Application Service Design with Commands

While the design-principles of Domain Driven Design do not require you to use Commands in your Application Service, there are few merits to doing the same.

Temporal Decoupling and Autonomy

Commands can lend themselves to be issued asynchronously depending upon your Service Level Agreement and hence introduce temporal decoupling in your system, if that is what you need. If you must have your command processed reliably, these commands can further lend themselves to be serialized and stored in some kind of non-volatile storage (like a message queue) until they are processed successfully. This autonomy becomes of critical importance if you are dealing with distributed systems.

Validation

Validations are those context-independent rules that do not depend on the state of the domain objects. Business rules, on the other hand, are context-dependent (not very different from Martin Fowler’s idea of Contextual Validation).
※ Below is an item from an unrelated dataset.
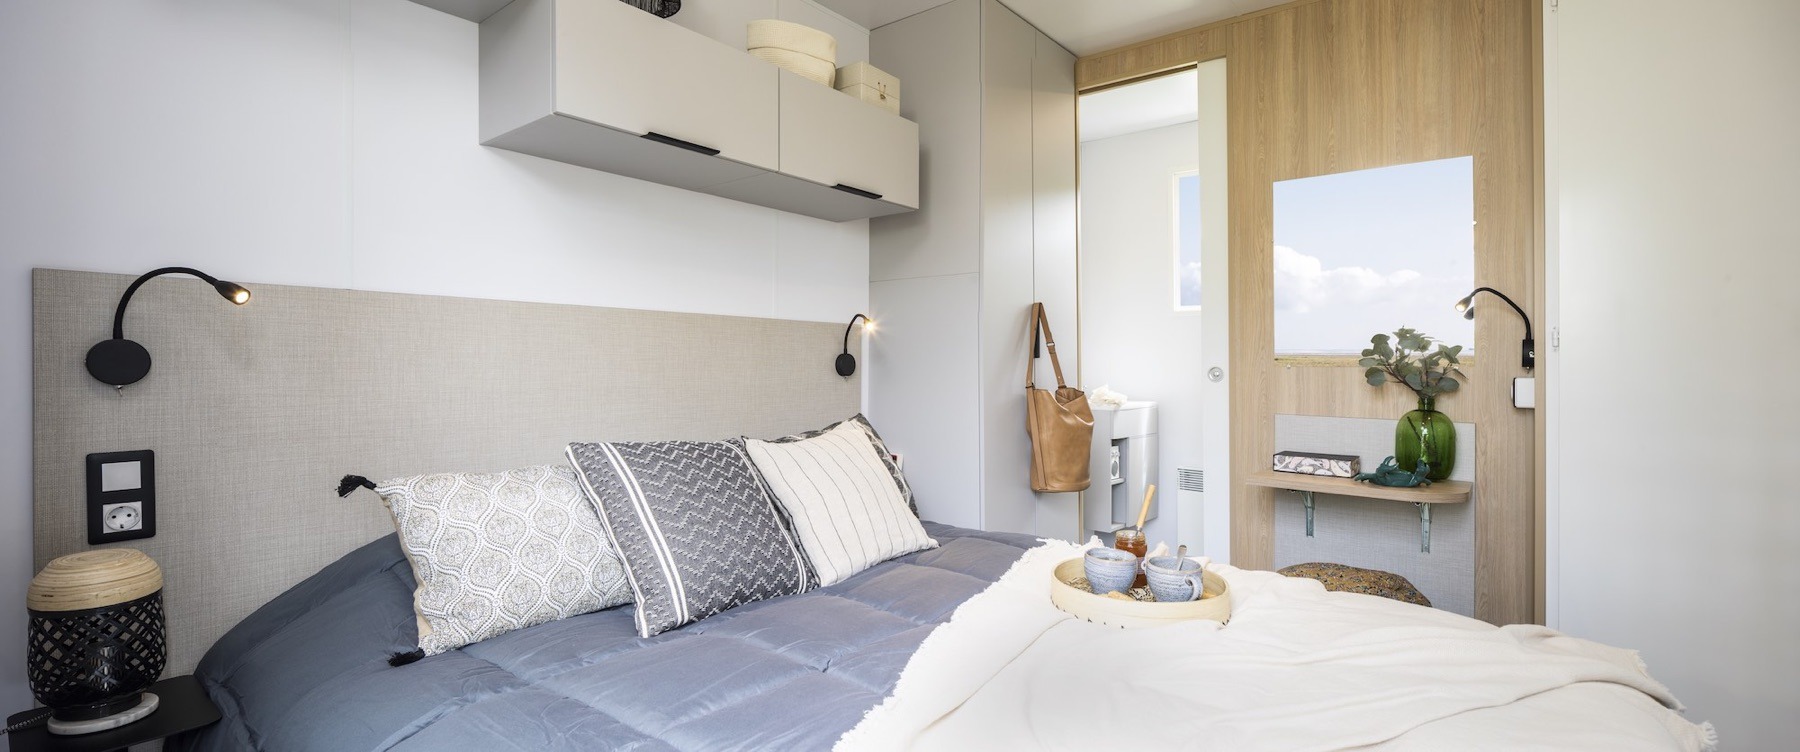 Rental-mobile-home-prestige-with-great-room-camping-saint-jean-de-monts-vendee-Les-Places-Dorees

They check whether or not the command execution will result is valid state transition. Carrying out some of these context-independent validation rules on the command it-self will take the load off the domain layer by pre-filtering commands which will anyways be rejected by the domain objects.

Many people like repeating these validation rules on both places. This will bring value only of you ever need to use your domain layer not in conjunction to your application layer. Is it likely to happen in your case?

Authorization

Implementing authorization on the command side of the application is essentially asking your-self whether or not the user is allowed to issue the command. Dealing with authorization on queries is a different discussion.

Auditing

You can store the commands to capture the user’s action which then can be used for auditing purposes.

Logging

You can log commands and hence the log the user action and intention. These logs can make root-cause analysis of production issues very easy because you now have the end-to-end data to replicate the issue in your development environment.

Re-play and Undo

Commands lend themselves to be stored which can be used to redo or undo a user action if the use-case requires you to do so.

In a nutshell, commands are programmatic representation of user’s actions and intentions. Thinking of these commands as the building blocks of the application layer can open up a floodgate of interesting possibilities in your DDD architecture and bring a lot of power and flexibility to your design.